E ao 44º dia, sexto domingo de quarentena, não me apeteceu escrever. Normalmente, um cursor a piscar numa folha em branco costuma ser um desafio encarado com agrado. Gosto da sensação de desafio de ter uns milhares de carateres para debitar num ecrã. É engraçado como, por mais anos disto que se leve, quando nos sentamos para escrever, nunca sabemos bem quem vai sair vencido ou vencedor: se nós ou a folha (que ficaria melhor) em branco.
Mas ontem, confesso, padeci da humana preguiça. Atire a primeira pedra quem nunca. Sucumbi a ela e dediquei a tarde a varandear, embalada por uma playlist de jazz a tocar na coluna e o cão sempre deitado ao meu lado no chão. Ofereci-me umas horas sem nada para fazer. Como assim nada?, cheguei a perguntar, meio pasmada com a própria ideia, de mim para os meus botões. Nada, Mafalda, nada é nada, respondi-me. Nem livro, nem revistas, nem jornais para ler, nem notas no telemóvel para tirar. Nada, nadinha, será possível? É lamentável como hoje parece tão difícil desligarmos o cérebro e não fazermos nada. Não sei como deixámos que isto nos acontecesse.
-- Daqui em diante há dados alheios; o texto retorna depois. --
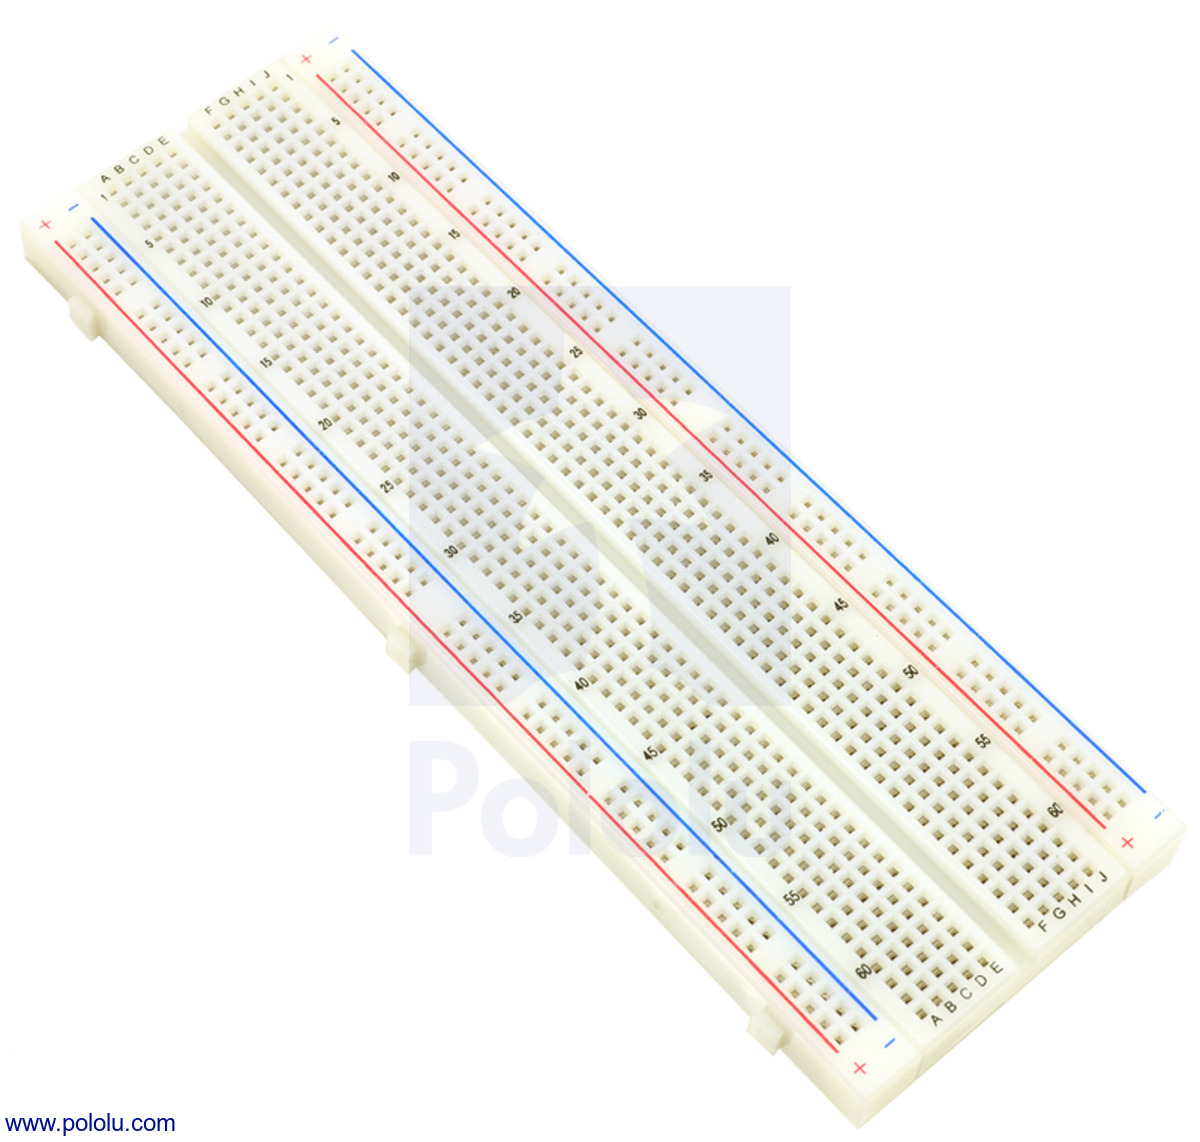 Qunqi 4packs 830 Tie Point PCB Solderless Breadboard for Arduino Raspberry Pi

Estendi-me numa cama de paletes improvisada e fechei os olhos. Tentei resistir ao apelo de estar, o tempo todo, a fazer listas ou a tentar resolver problemas na minha cabeça. Deixei-me estar. Quase que consegui ouvir Fernando Pessoa a dizer-me ao ouvido: “Ai que prazer/ Não cumprir um dever/ Ter um livro para ler/ E não o fazer!”. Que coisa rara e nunca vista… Tenho uma varanda desde que me mudei para esta casa, há 12 anos. E foram, na verdade, tão poucas as vezes que realmente desfrutei dela com tranquilidade. Cuido das plantas com dedicação, rego-as e limpo-lhes as folhas secas, apanho a alpista que os pássaros que nos visitam espalham no chão, mas nunca me detive realmente por ali. Até agora, a varada era só mais um afazer na minha vida. Até a cama de rede que comprei foi, durante anos, vetada ao abandono e a desbotar ao sol.
Mas por estes dias, tudo mudou. A varanda tornou-se o segundo centro da casa, a seguir à cozinha. O lugar onde ouvimos os pássaros, olhamos o céu, fotografamos a chuva e os bichos, adivinhamos as formas das nuvens, vislumbramos ao longe um pedacinho de mar e fazemos apostas às ondas. Almoçamos e lanchamos na varanda, cantamos na varanda, pintamos e fazemos cerâmica na varanda, fazemos ginástica e ioga na varanda. A cama de rede já precisava de um sistema de senhas.
Desconfio que é algo que sucedeu a muitos portugueses. Nas nossas varandas, cabe agora o mundo todo. Acho comovente como redescobrimos este espaço, que muitos tinham a sorte de ter mas que para pouco mais servia do que estender a roupa, e lhe passámos a dar toda uma nova vida. Bastam, na verdade, pouco mais do que dois metros quadrados para dar um concerto, projetar cinema para os vizinhos ou recitar poesia, como as histórias que fui ouvindo por estes dias. Quem diria que podemos ser tão felizes nas nossas varandas…
Elas podem mesmo ser centros de convívio social. Na semana passada, a passear o cão, passei por um bairro de prédios altos aqui ao lado. Às 21h da noite, toda a vizinhança estava na varanda, para um novo ritual repetido diariamente. Fiquei a ver – eram dezenas de famílias, a falar umas com as outras. Uns lançavam palavras de ordem, outros acendiam luzes multicolores, outros punham música. No fim da catarse coletiva, a despedida: boa noite vizinhos, força, até amanhã! Encontramo-nos na varanda, à mesma hora. Será que depois de tudo isto passar vão esquecer-se das varandas e deixar de se falar nos elevadores?